Dataset section START

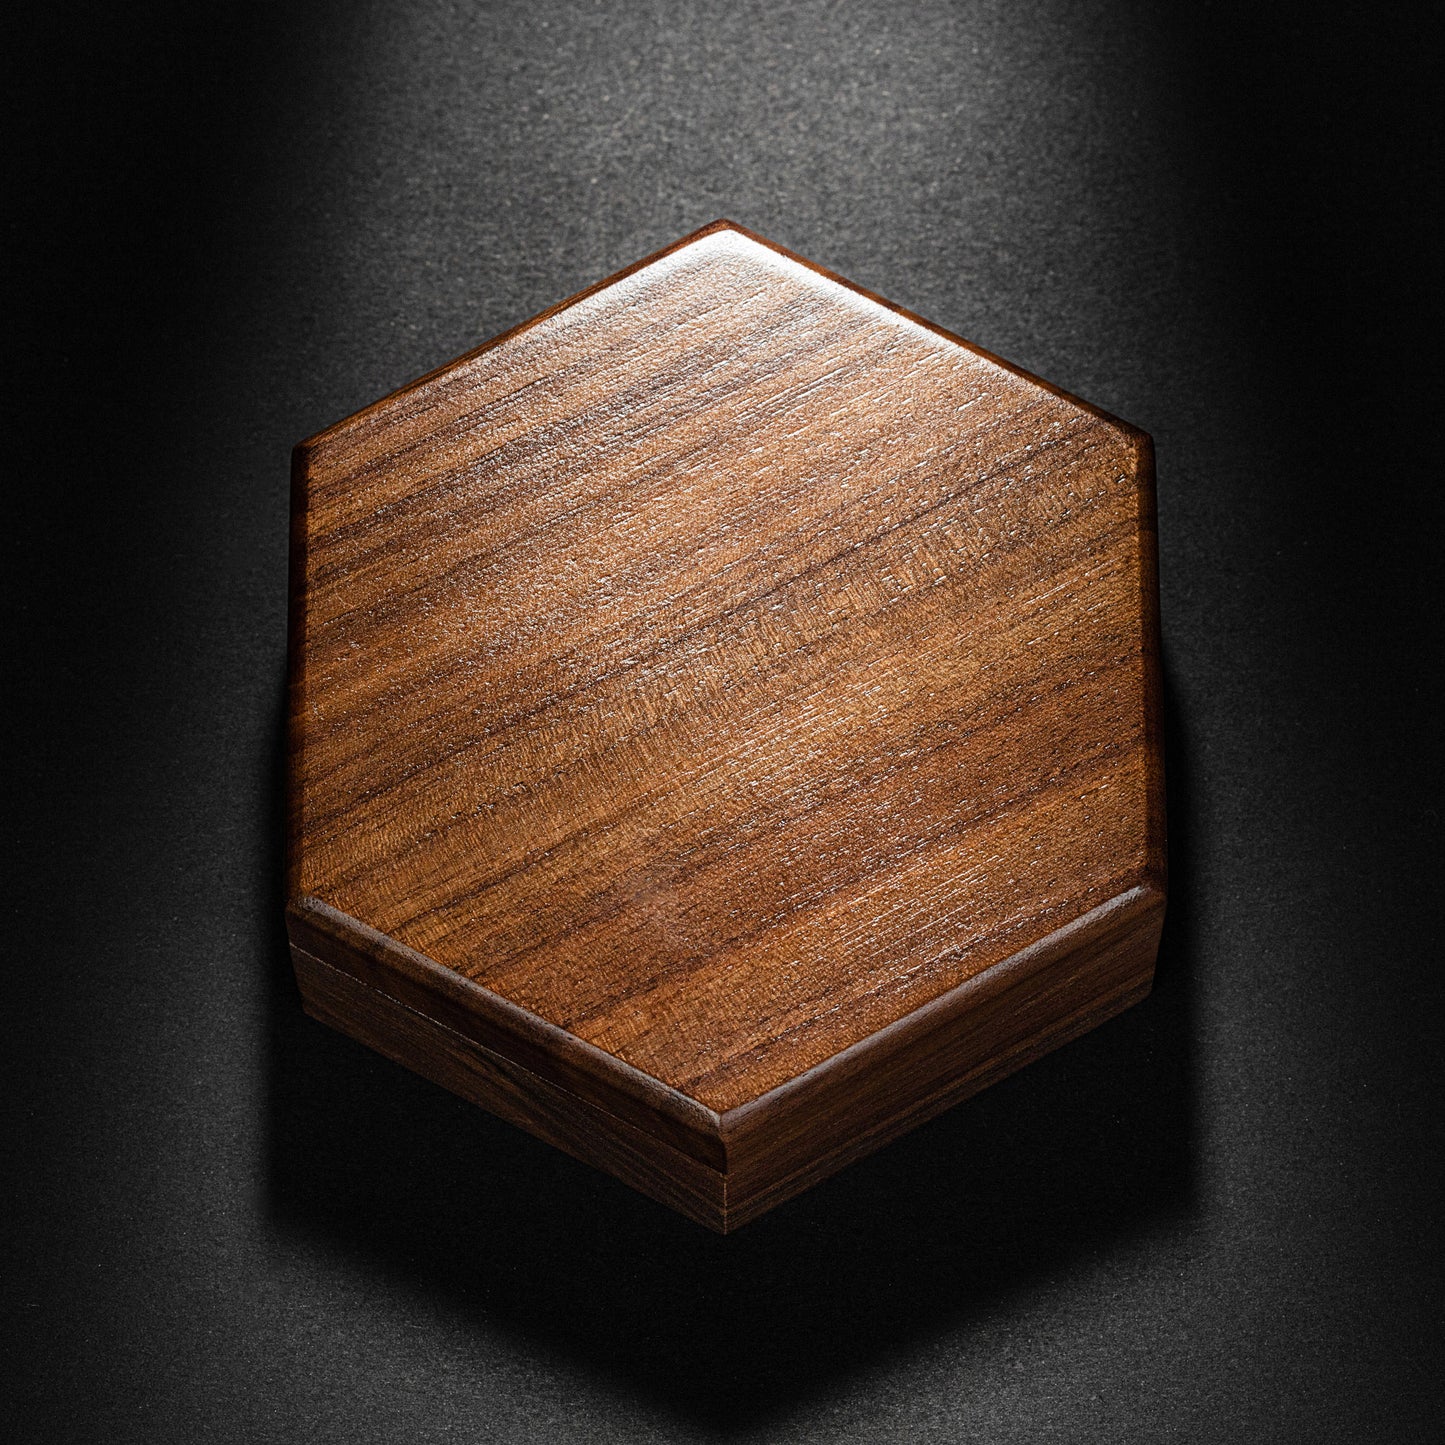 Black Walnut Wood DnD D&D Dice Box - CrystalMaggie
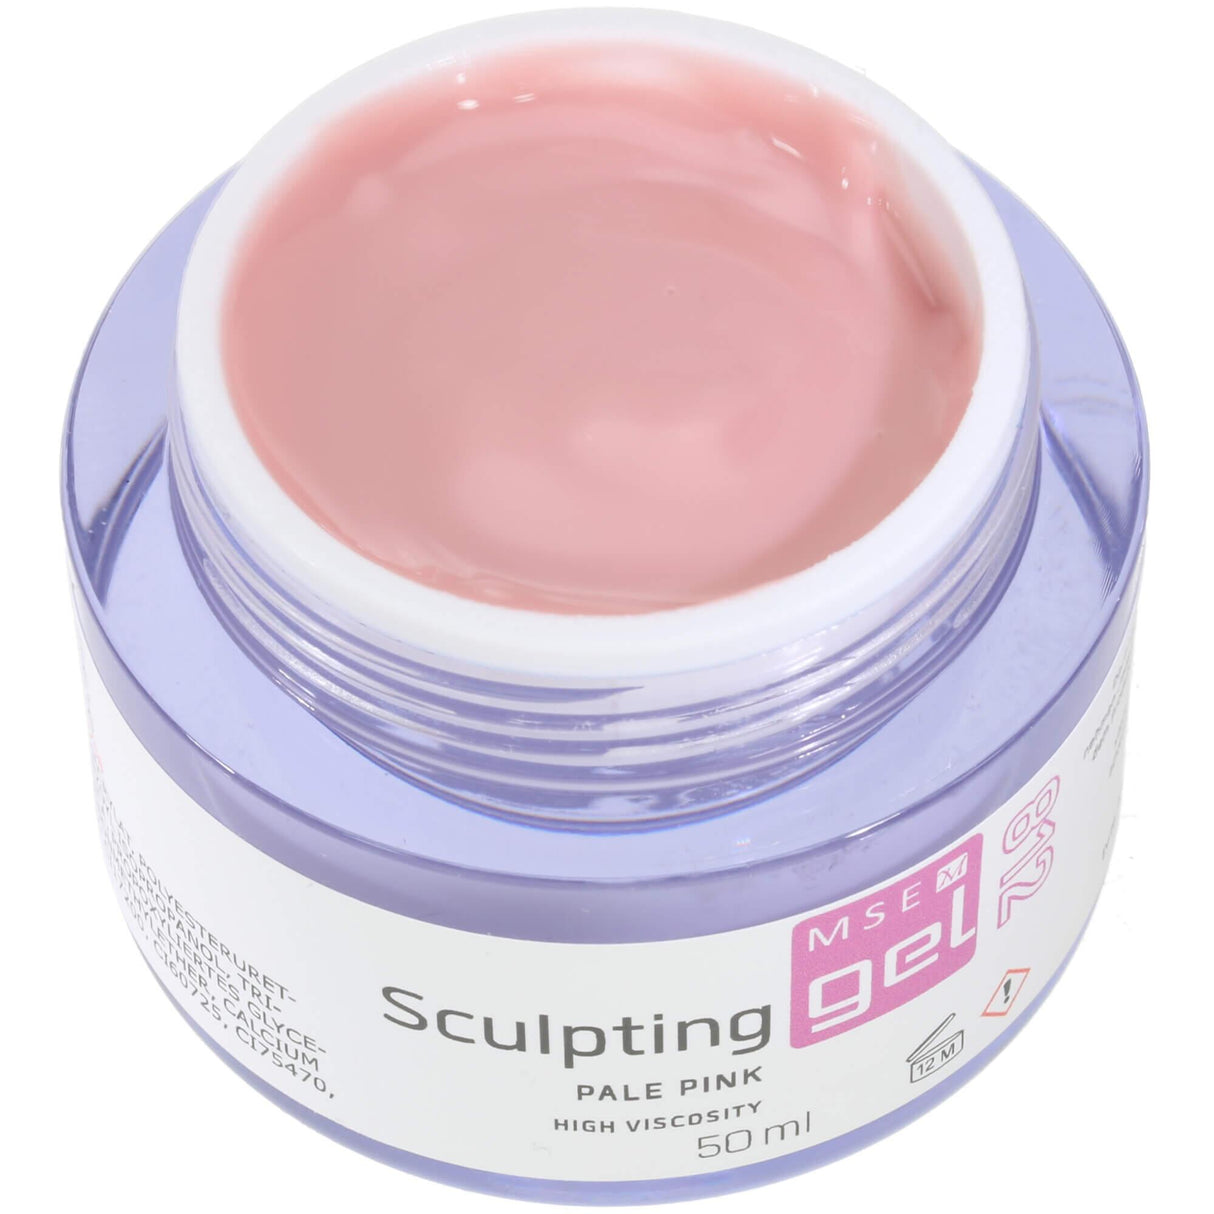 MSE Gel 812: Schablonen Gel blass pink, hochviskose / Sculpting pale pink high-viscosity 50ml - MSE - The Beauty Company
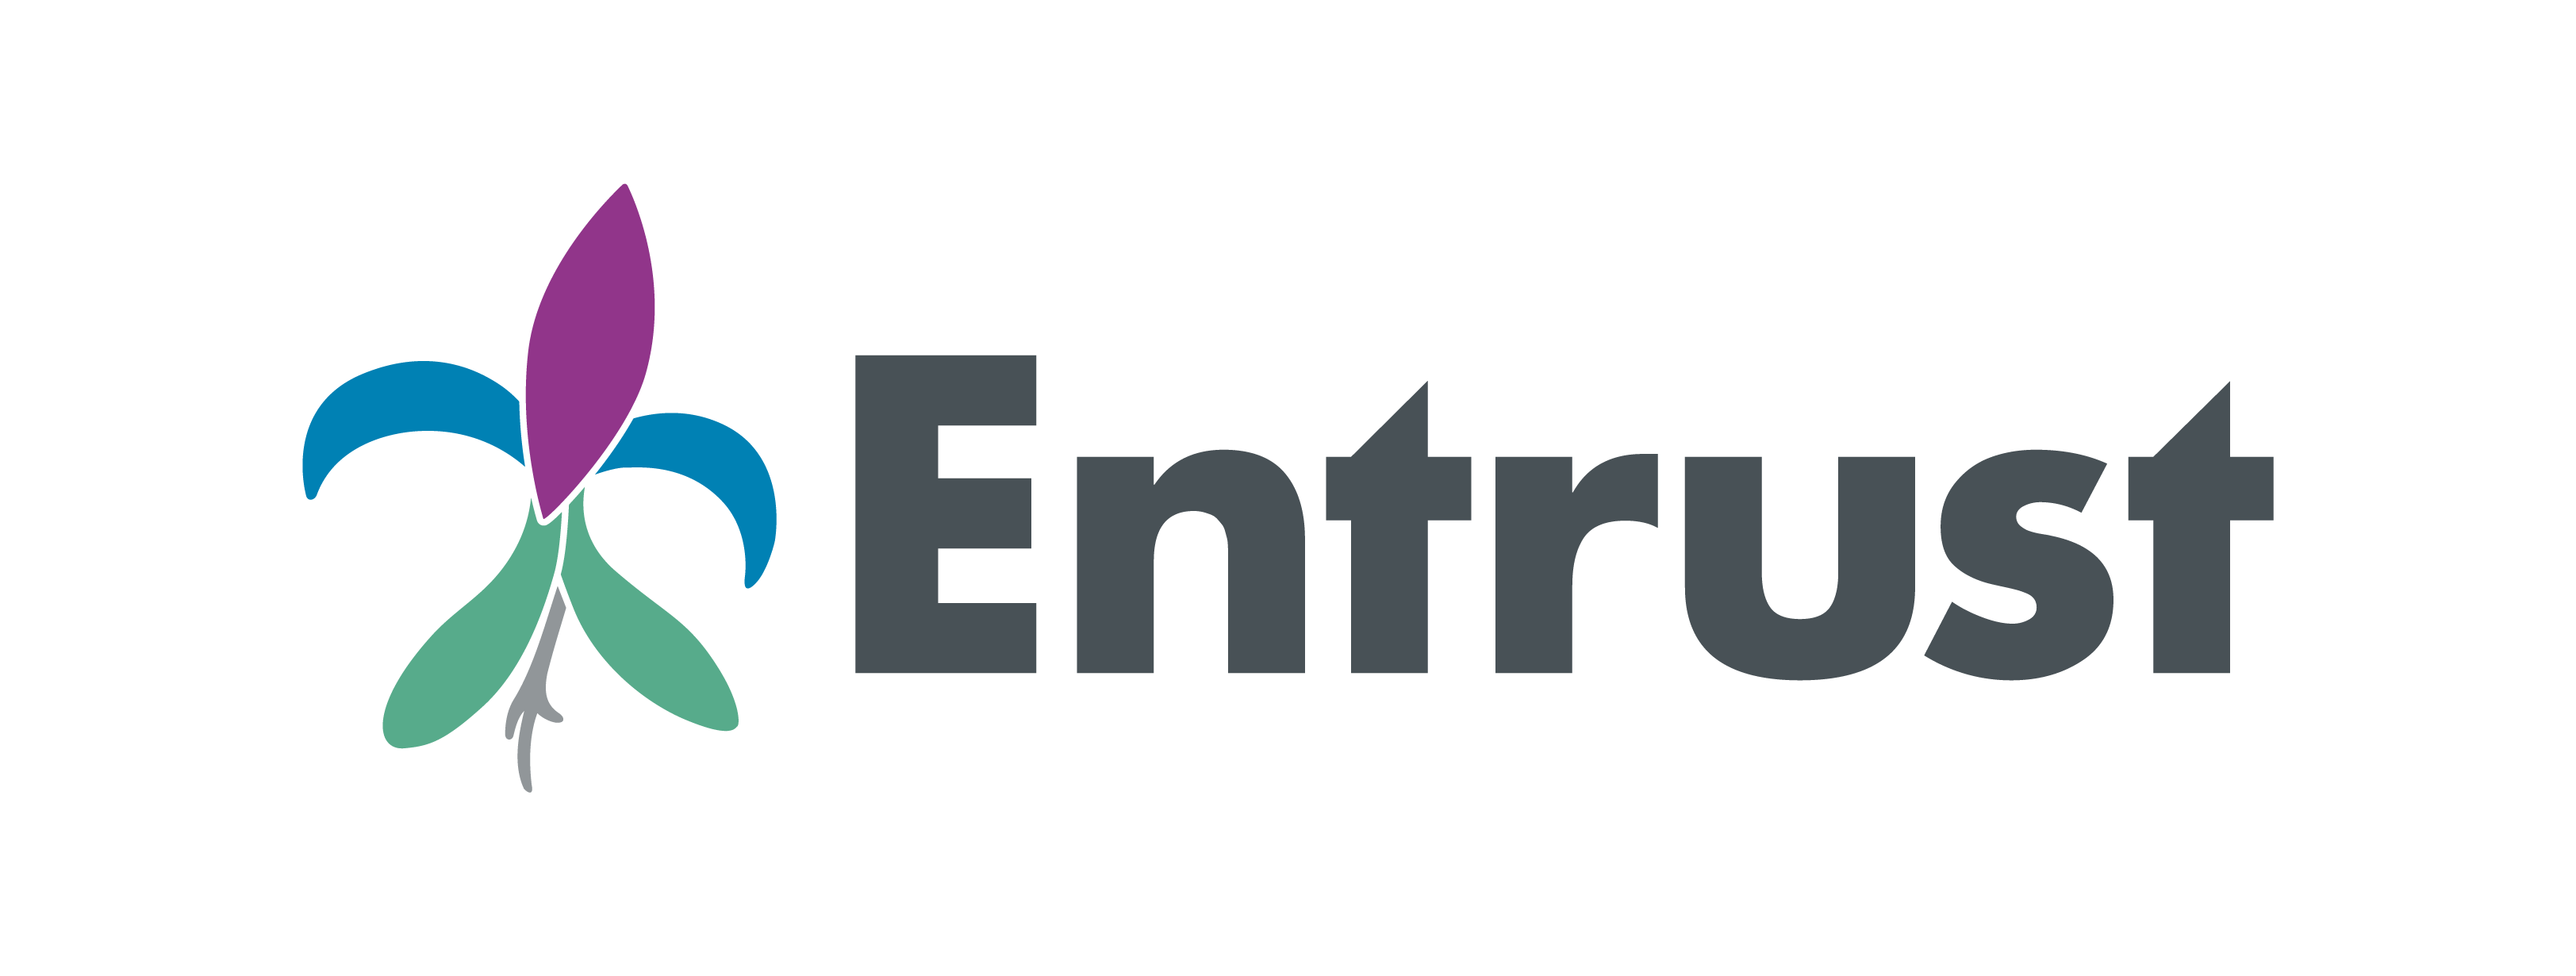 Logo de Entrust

Dataset section END

### Task goal
Restate the material word for word, minus pictures.

### Solution
 Black Walnut Wood DnD D&D Dice Box - CrystalMaggie
 MSE Gel 812: Schablonen Gel blass pink, hochviskose / Sculpting pale pink high-viscosity 50ml - MSE - The Beauty Company
 Logo de Entrust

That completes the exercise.